Given data |

# # # #

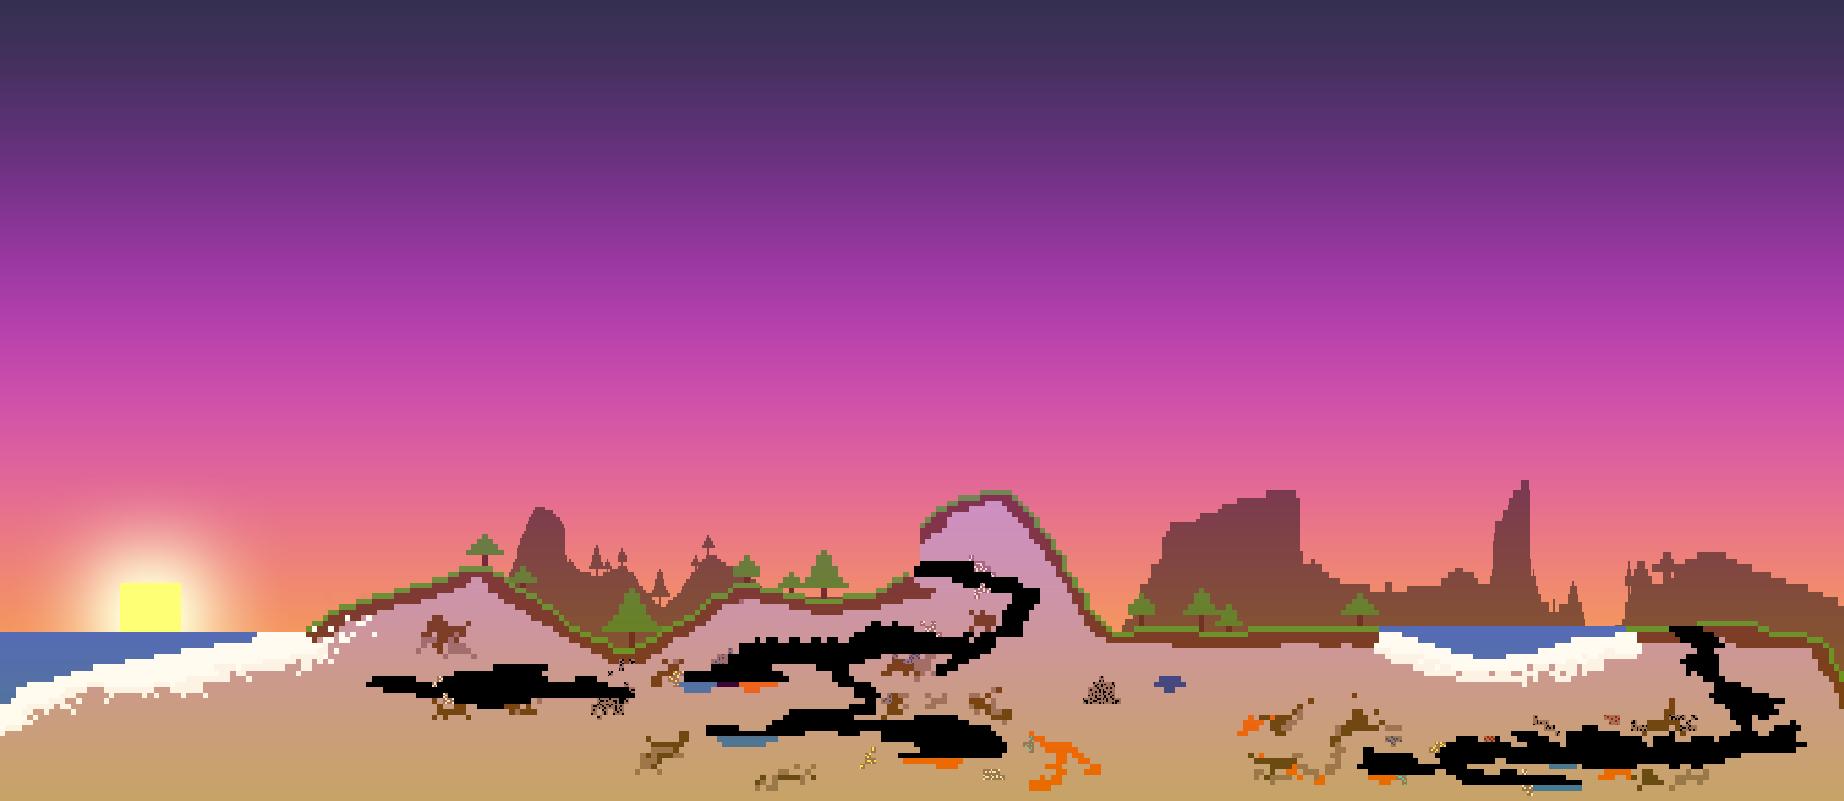 Pixel Art Landscape Wallpaper
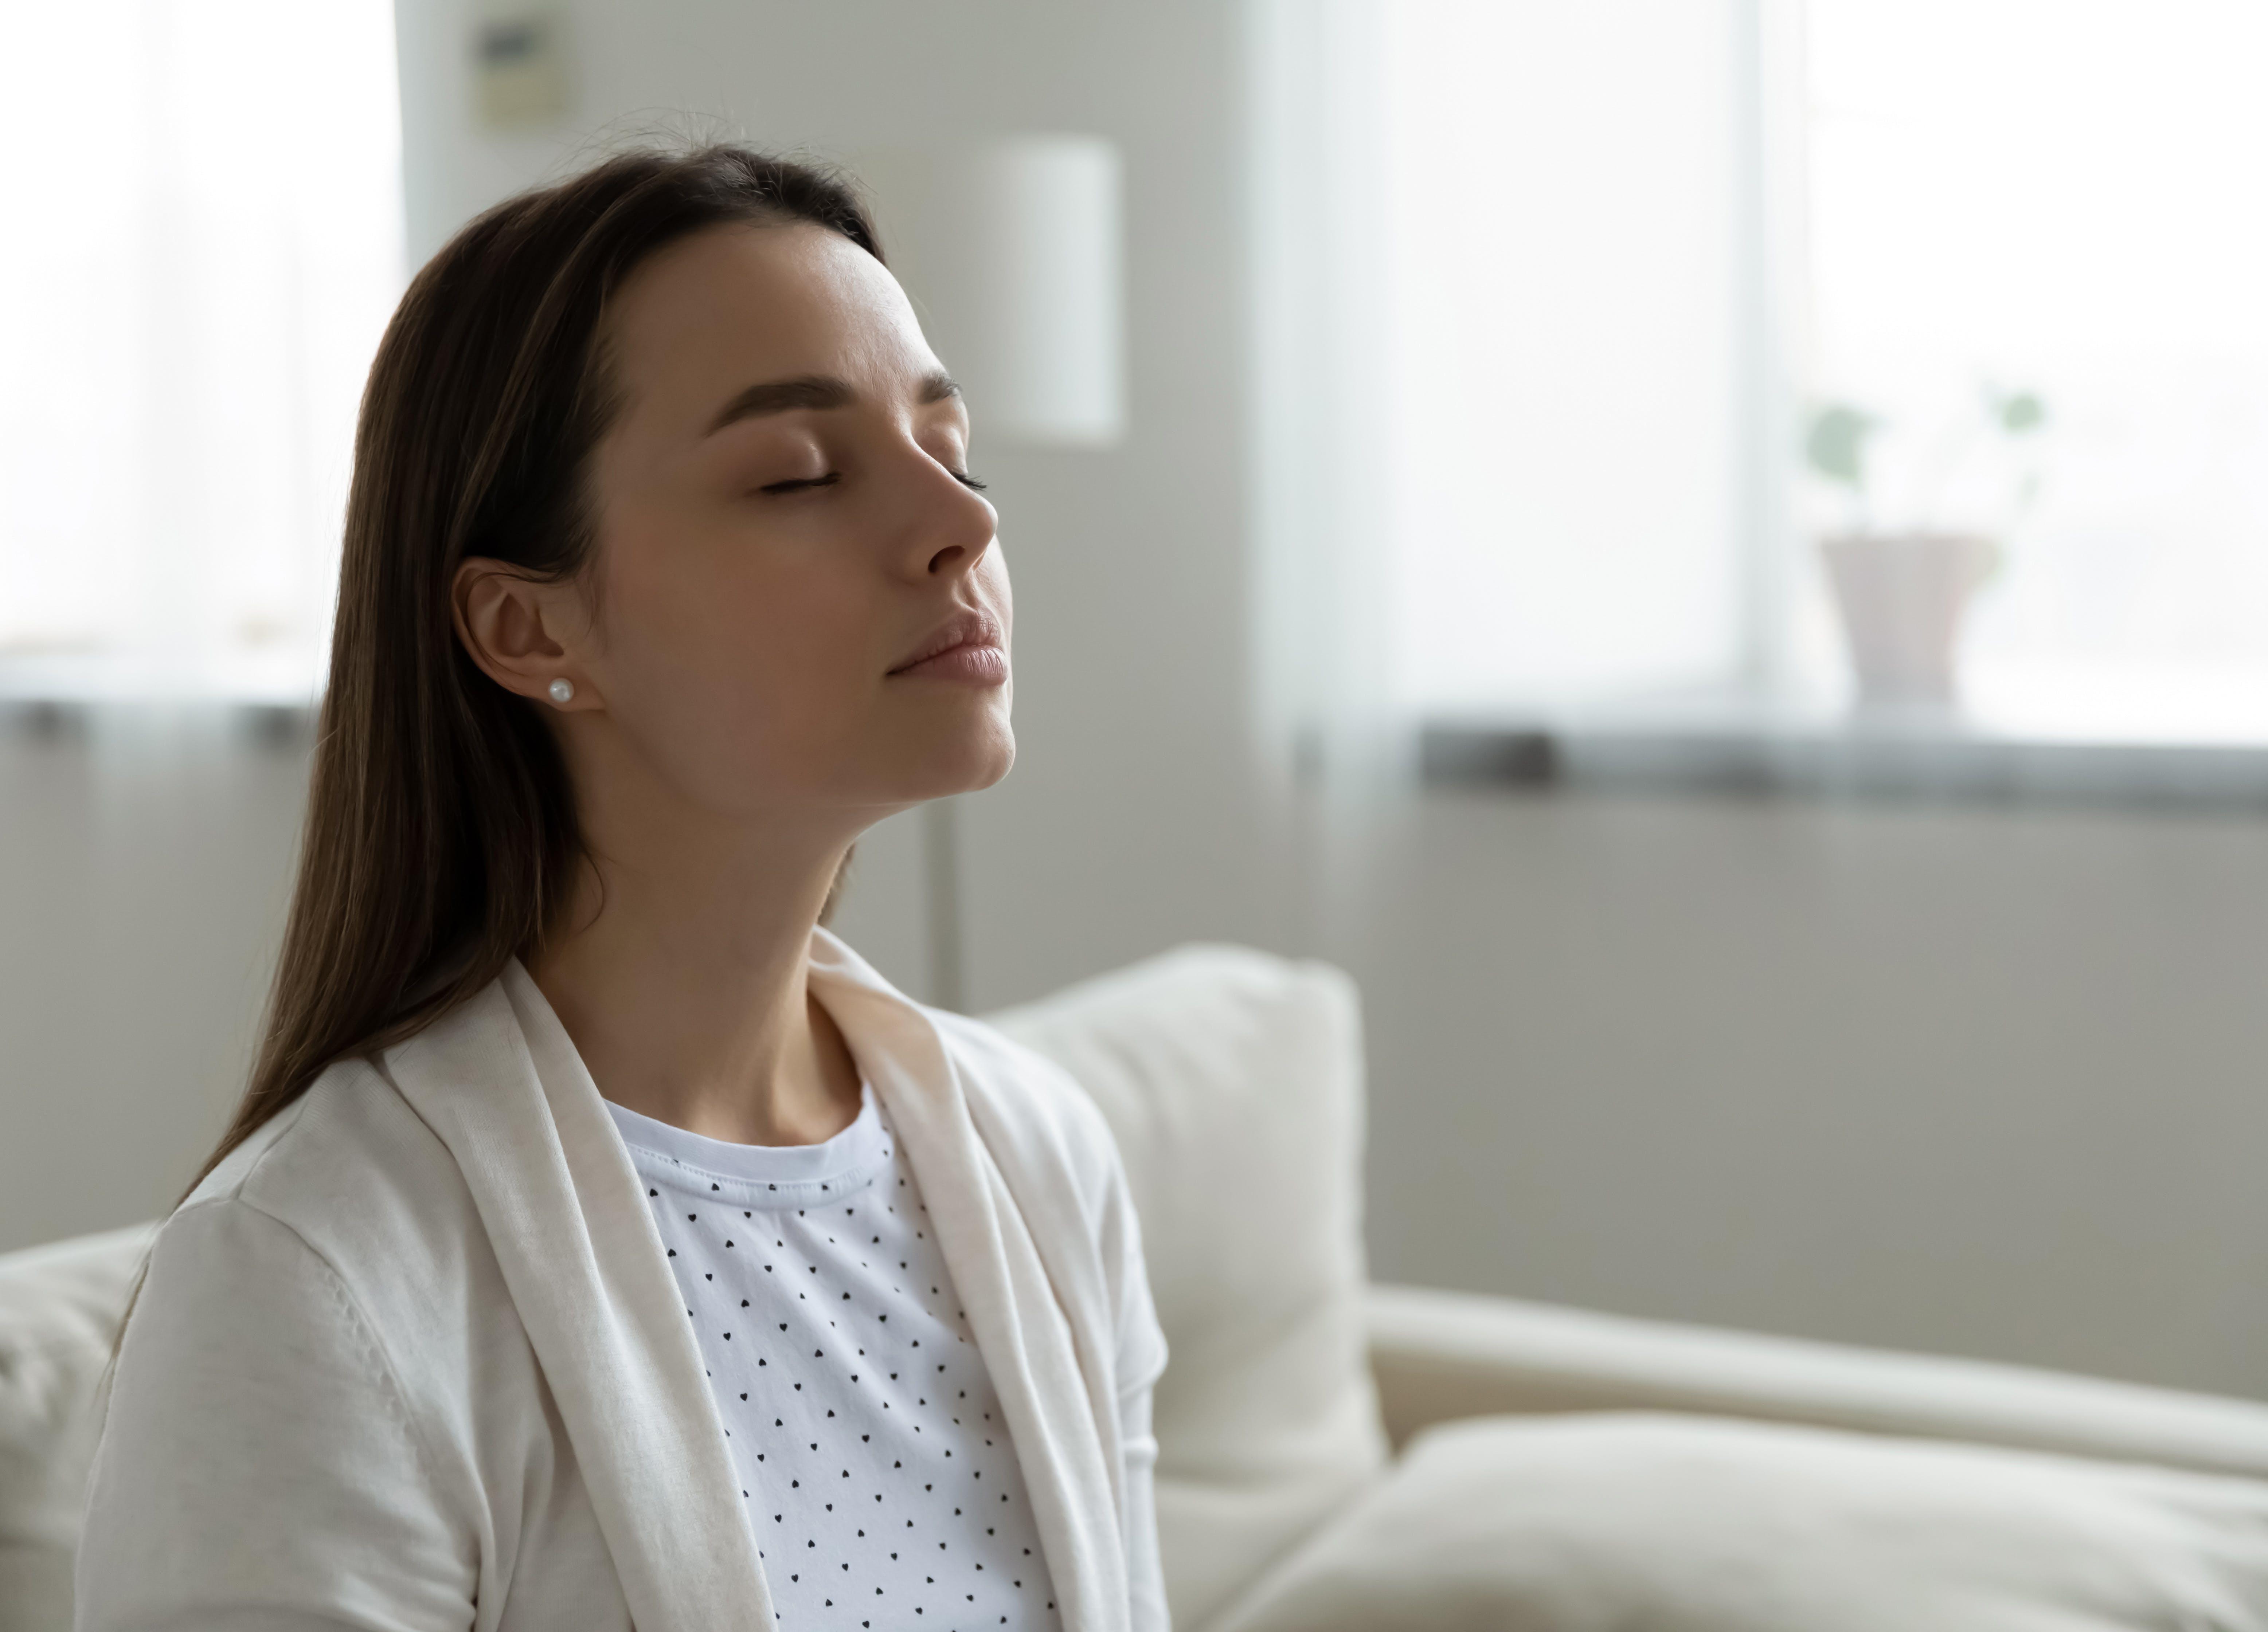 home air quality woman inhaling 728x524
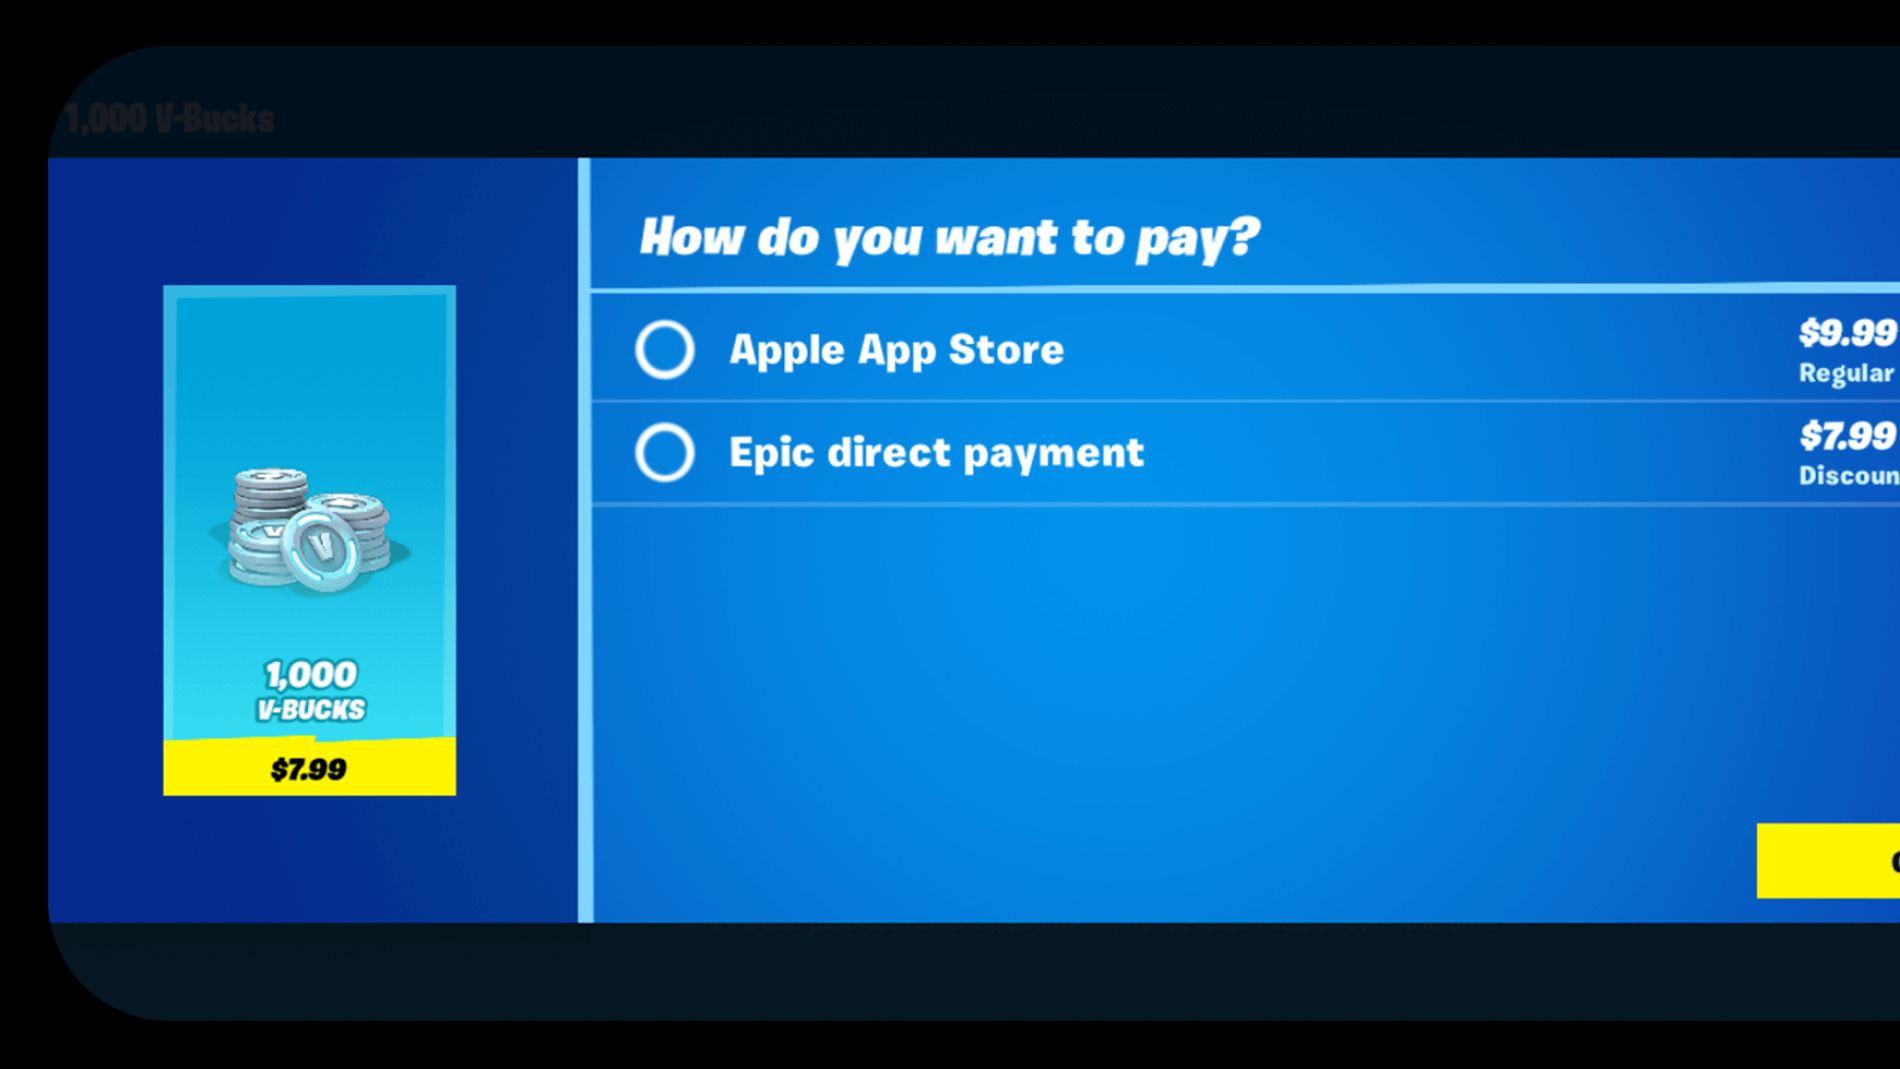 Modelo de pago directo de Epic Games en Fortnite

# # # #

Description of the task |
Transcribe the whole listing above exactly and leave out the pictures.

Result for this task |
 Pixel Art Landscape Wallpaper
 home air quality woman inhaling 728x524
 Modelo de pago directo de Epic Games en Fortnite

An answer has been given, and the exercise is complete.